#### WHAT THE EXERCISE ASKS:
Wherever an image appears in the data, omit it and copy all the remaining text word for word.

------ THE DATA ------

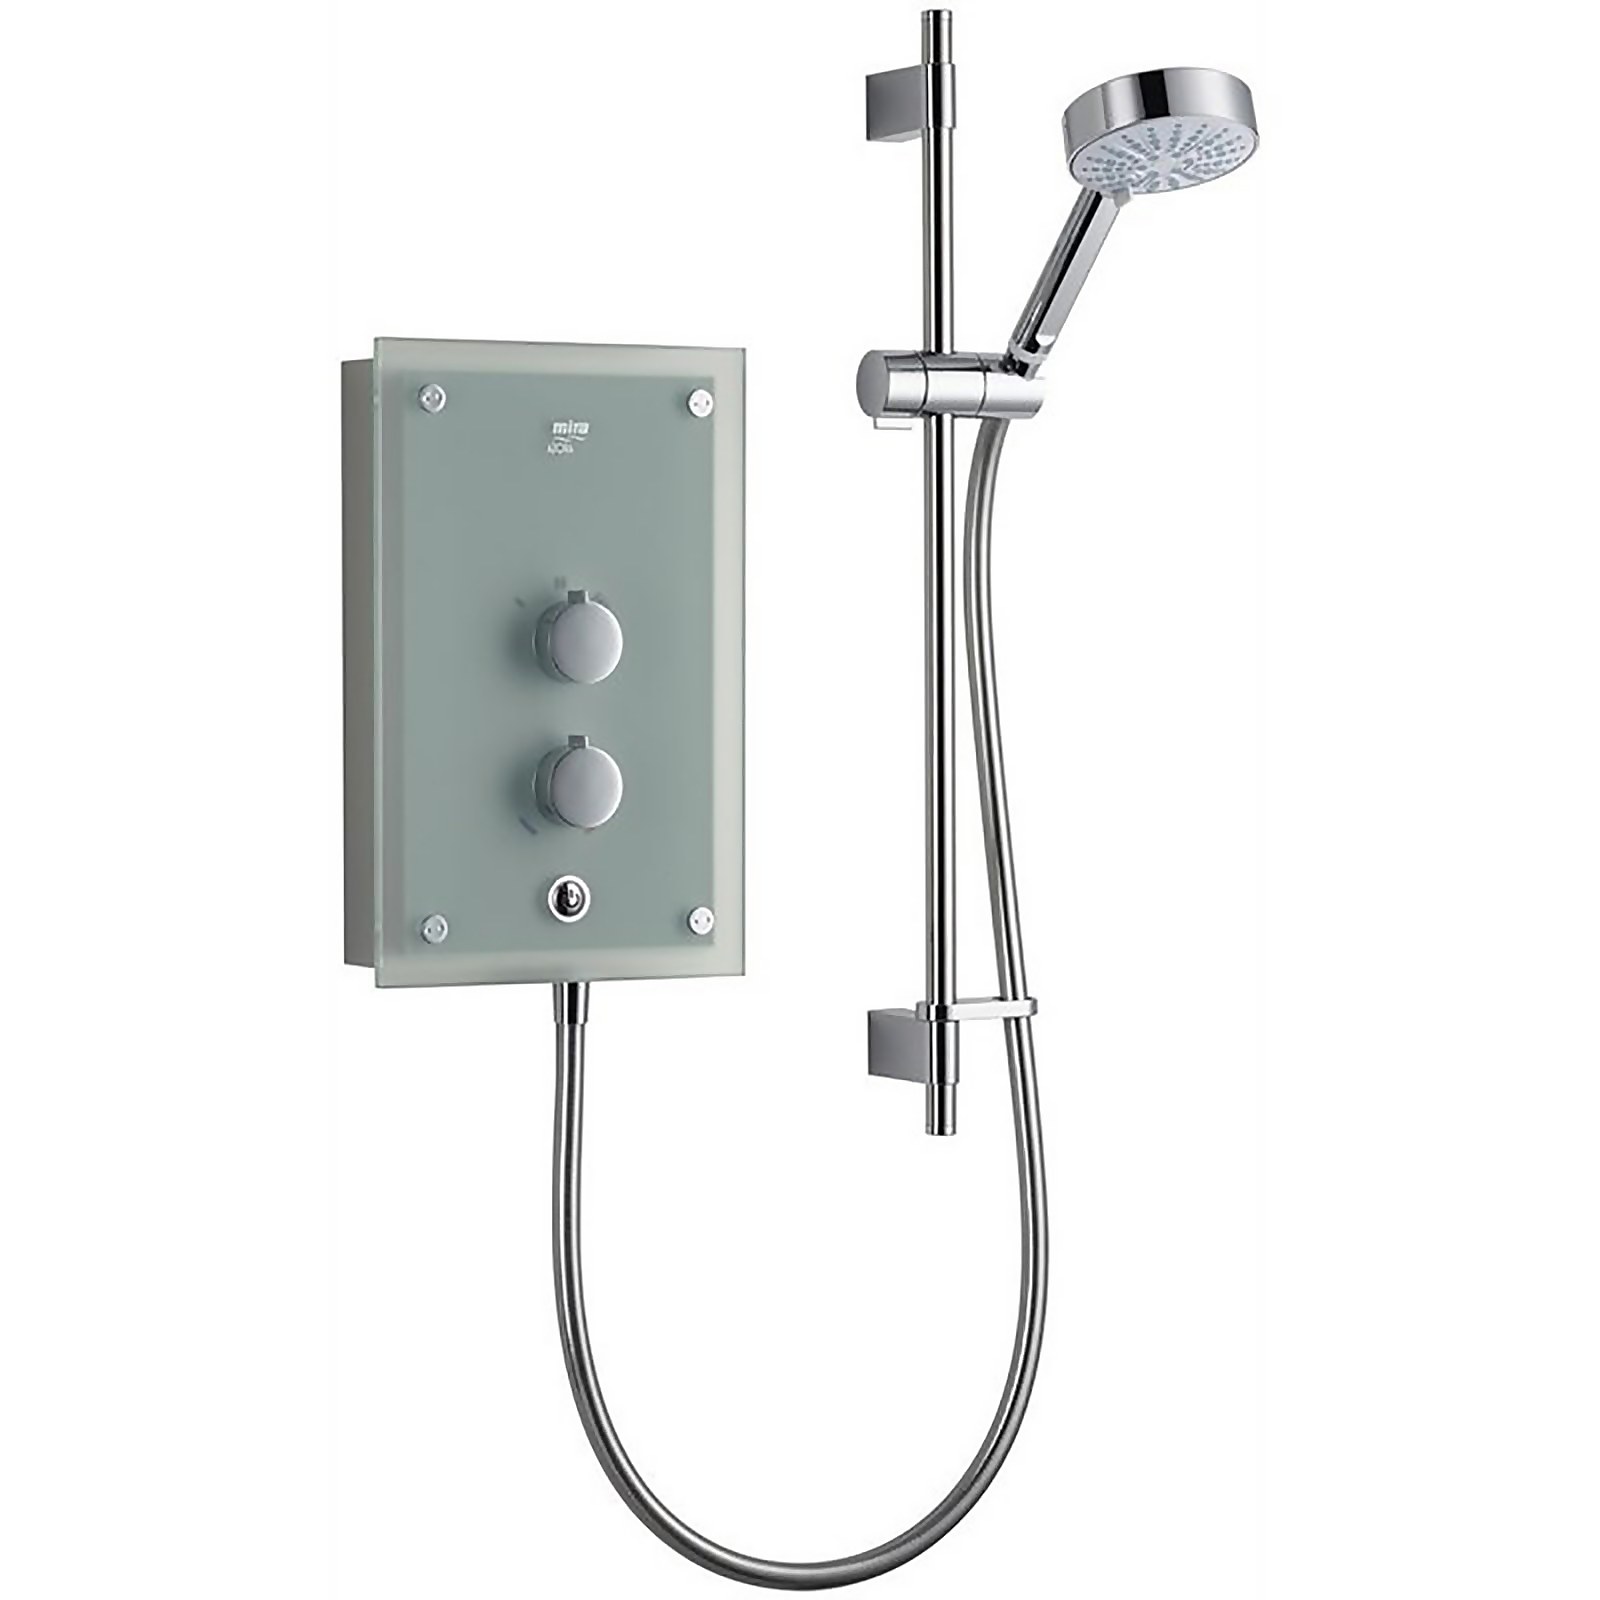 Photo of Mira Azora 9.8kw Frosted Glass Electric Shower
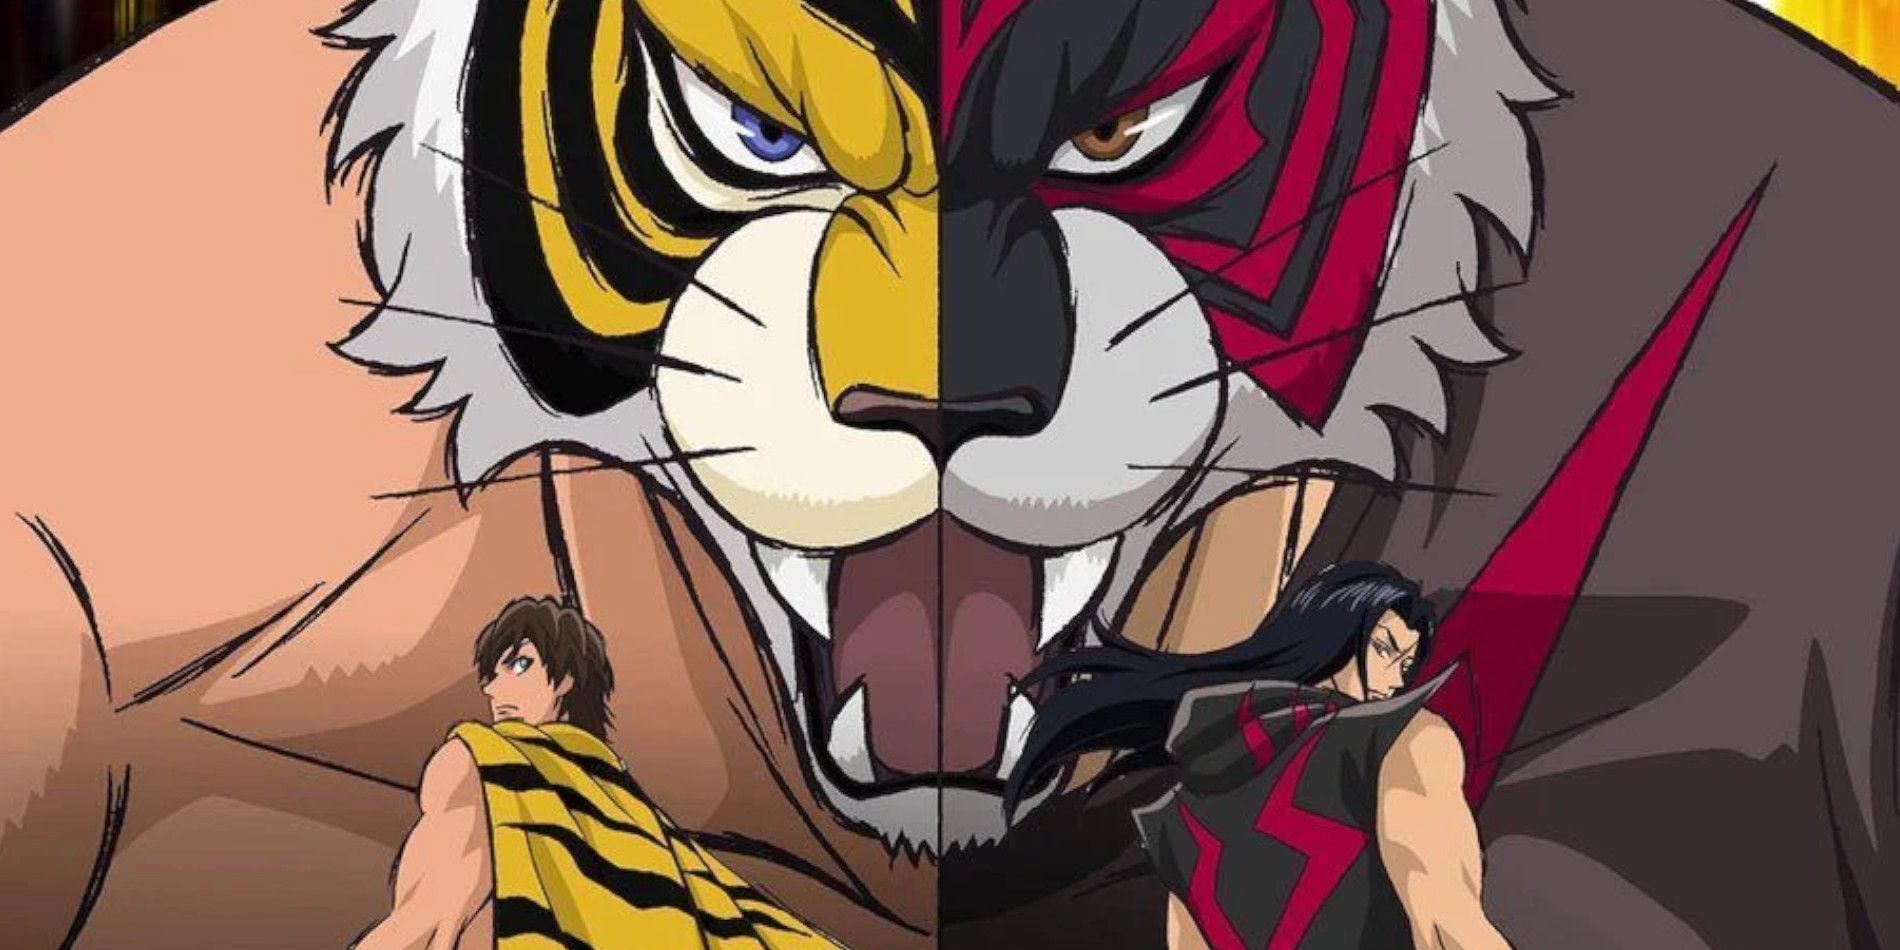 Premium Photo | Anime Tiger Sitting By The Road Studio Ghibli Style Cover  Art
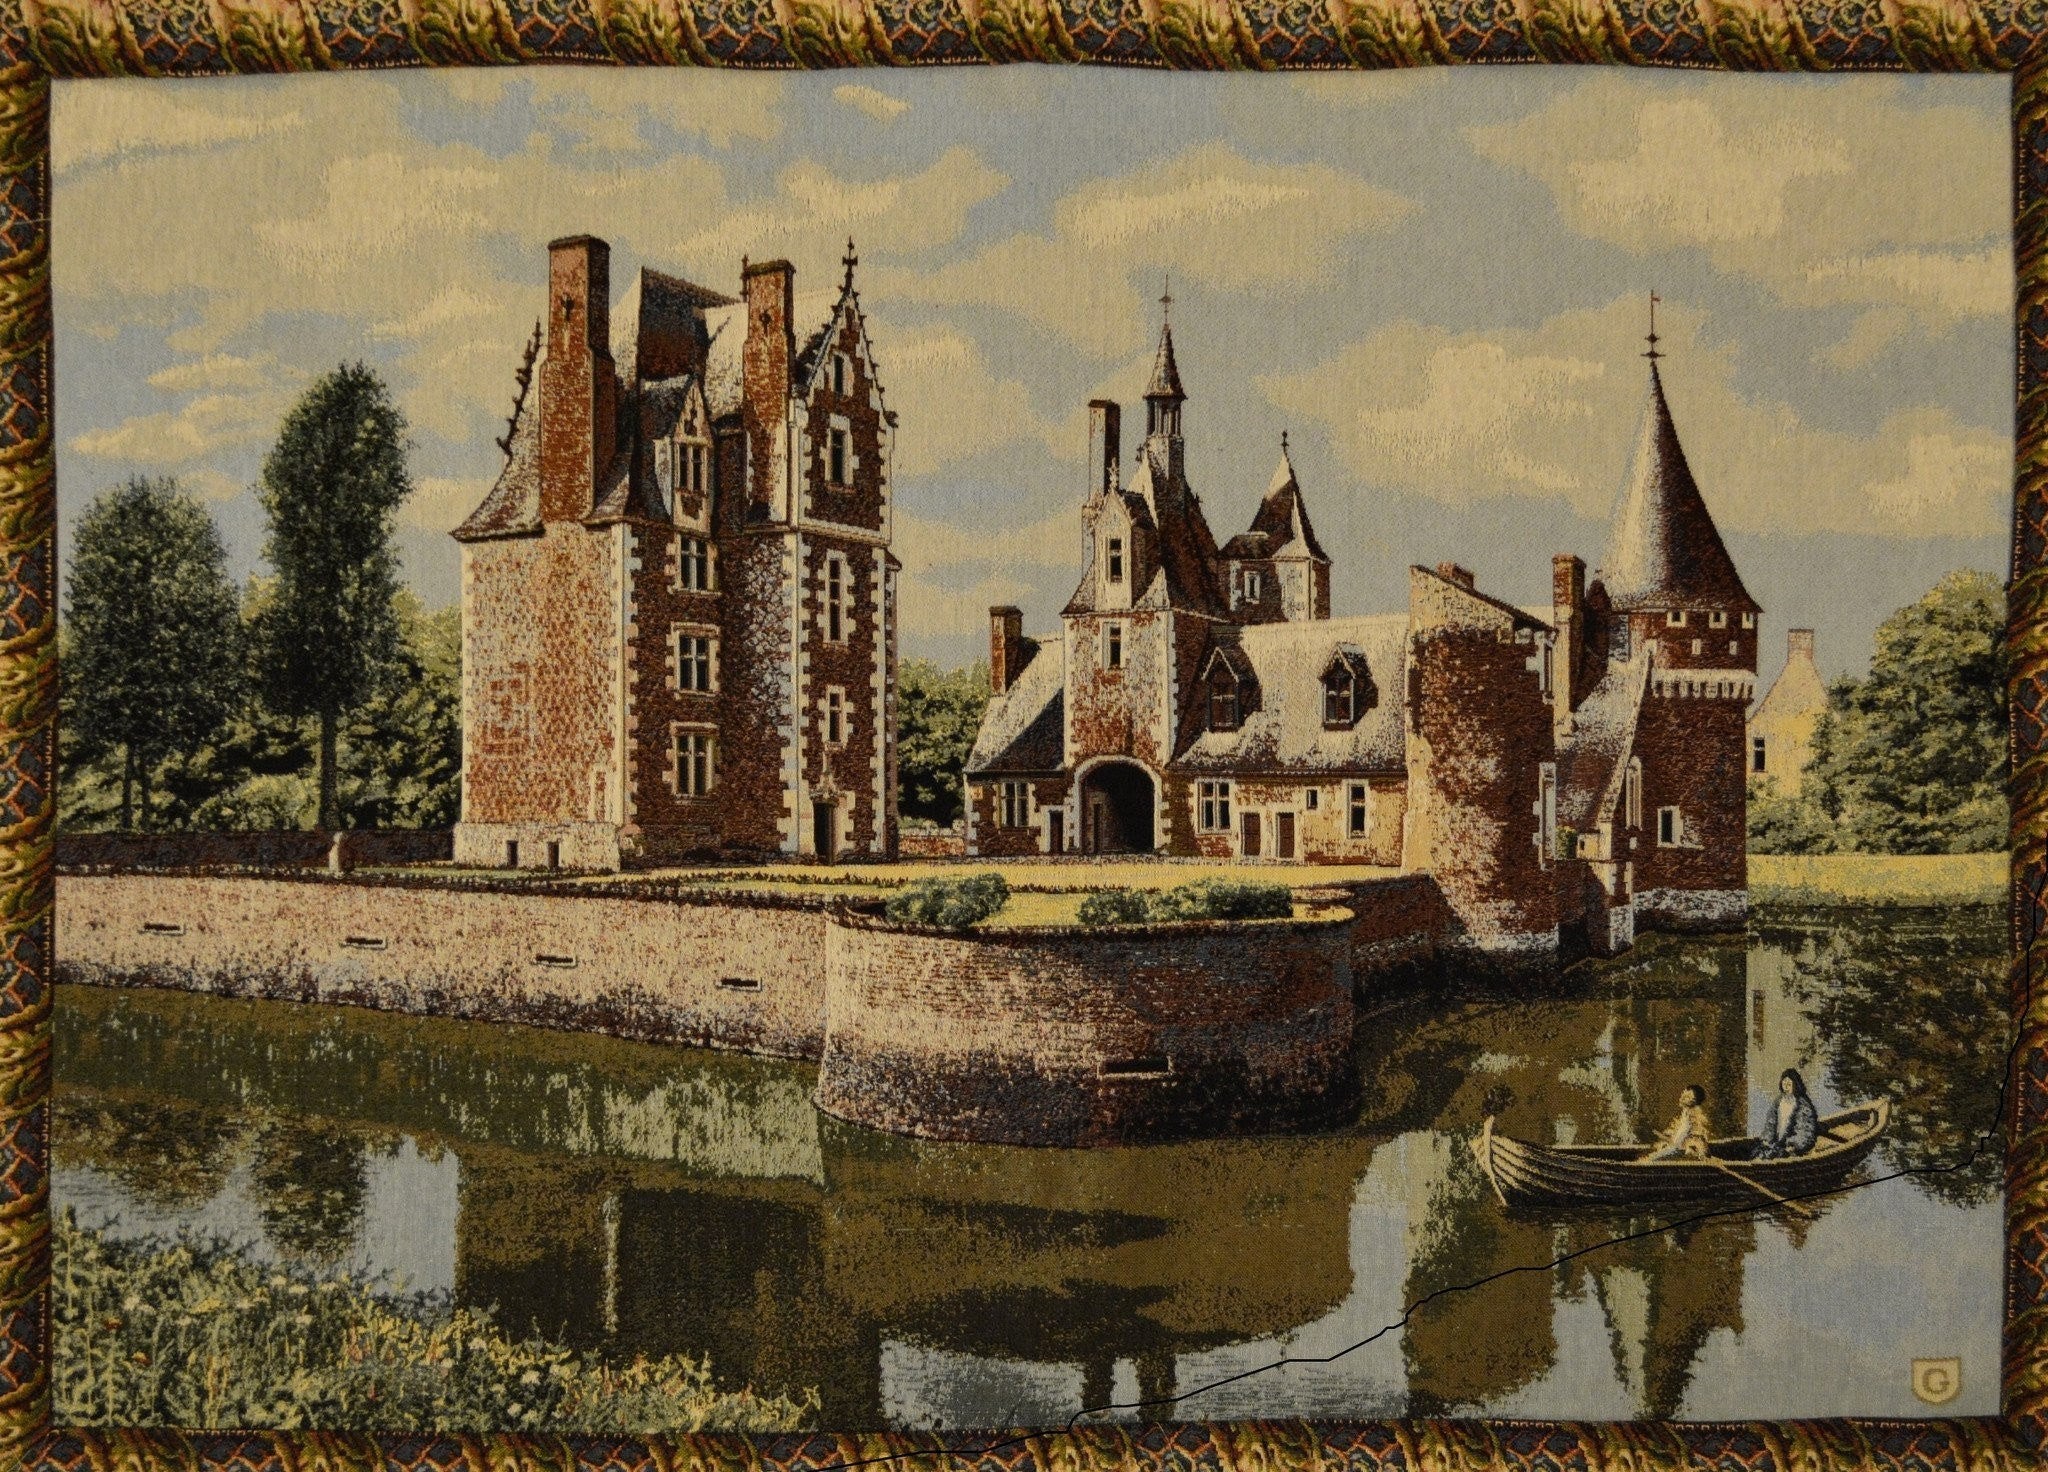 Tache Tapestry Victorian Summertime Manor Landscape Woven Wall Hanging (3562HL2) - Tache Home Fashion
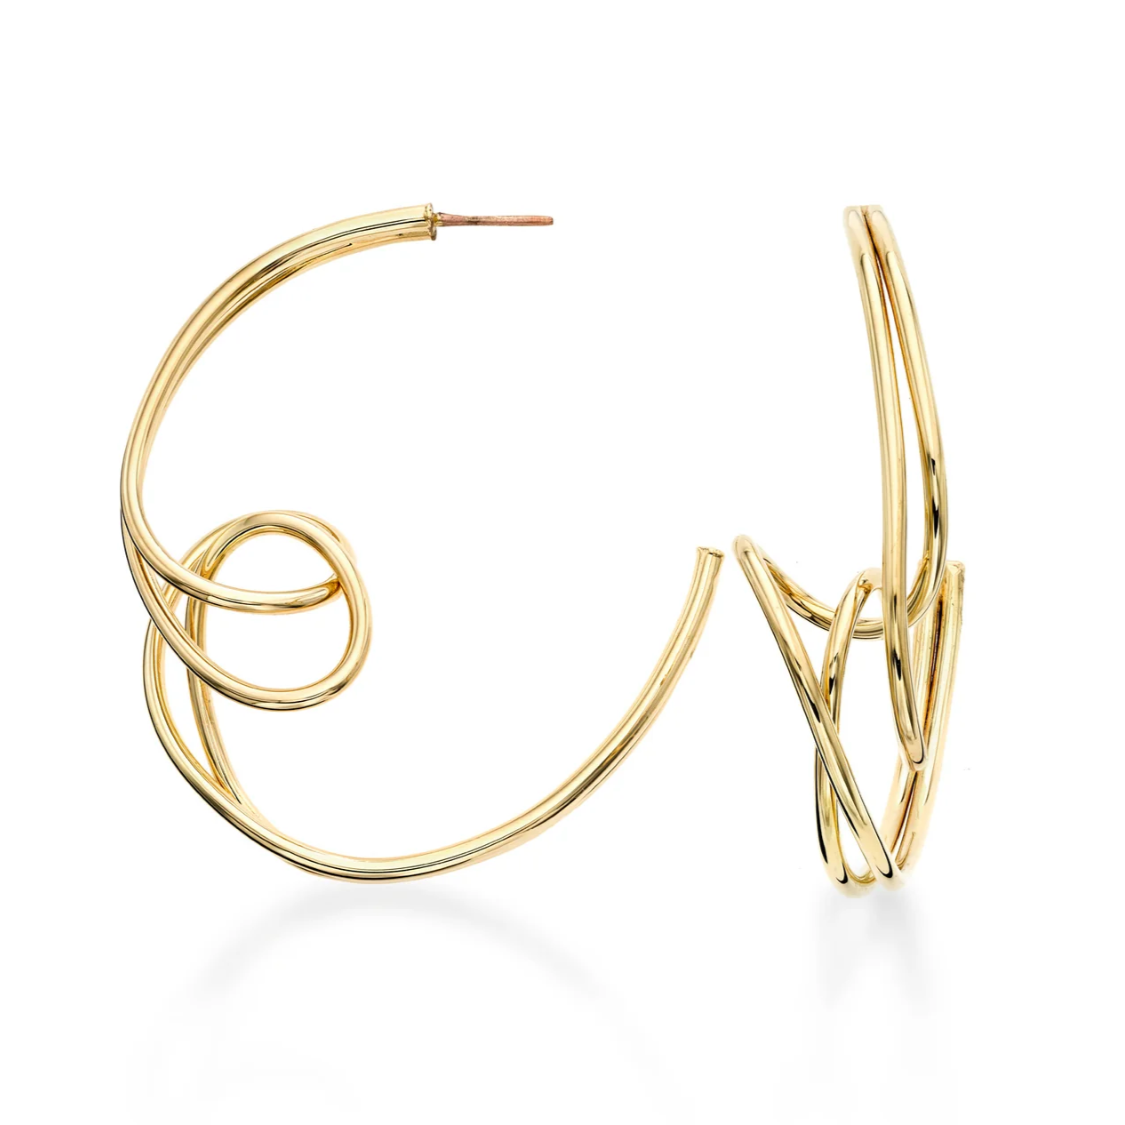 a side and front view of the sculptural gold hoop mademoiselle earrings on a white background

------

#### TASK ANSWER:
 Photo of Mira Azora 9.8kw Frosted Glass Electric Shower
 Premium Photo | Anime Tiger Sitting By The Road Studio Ghibli Style Cover  Art
 Tache Tapestry Victorian Summertime Manor Landscape Woven Wall Hanging (3562HL2) - Tache Home Fashion
 a side and front view of the sculptural gold hoop mademoiselle earrings on a white background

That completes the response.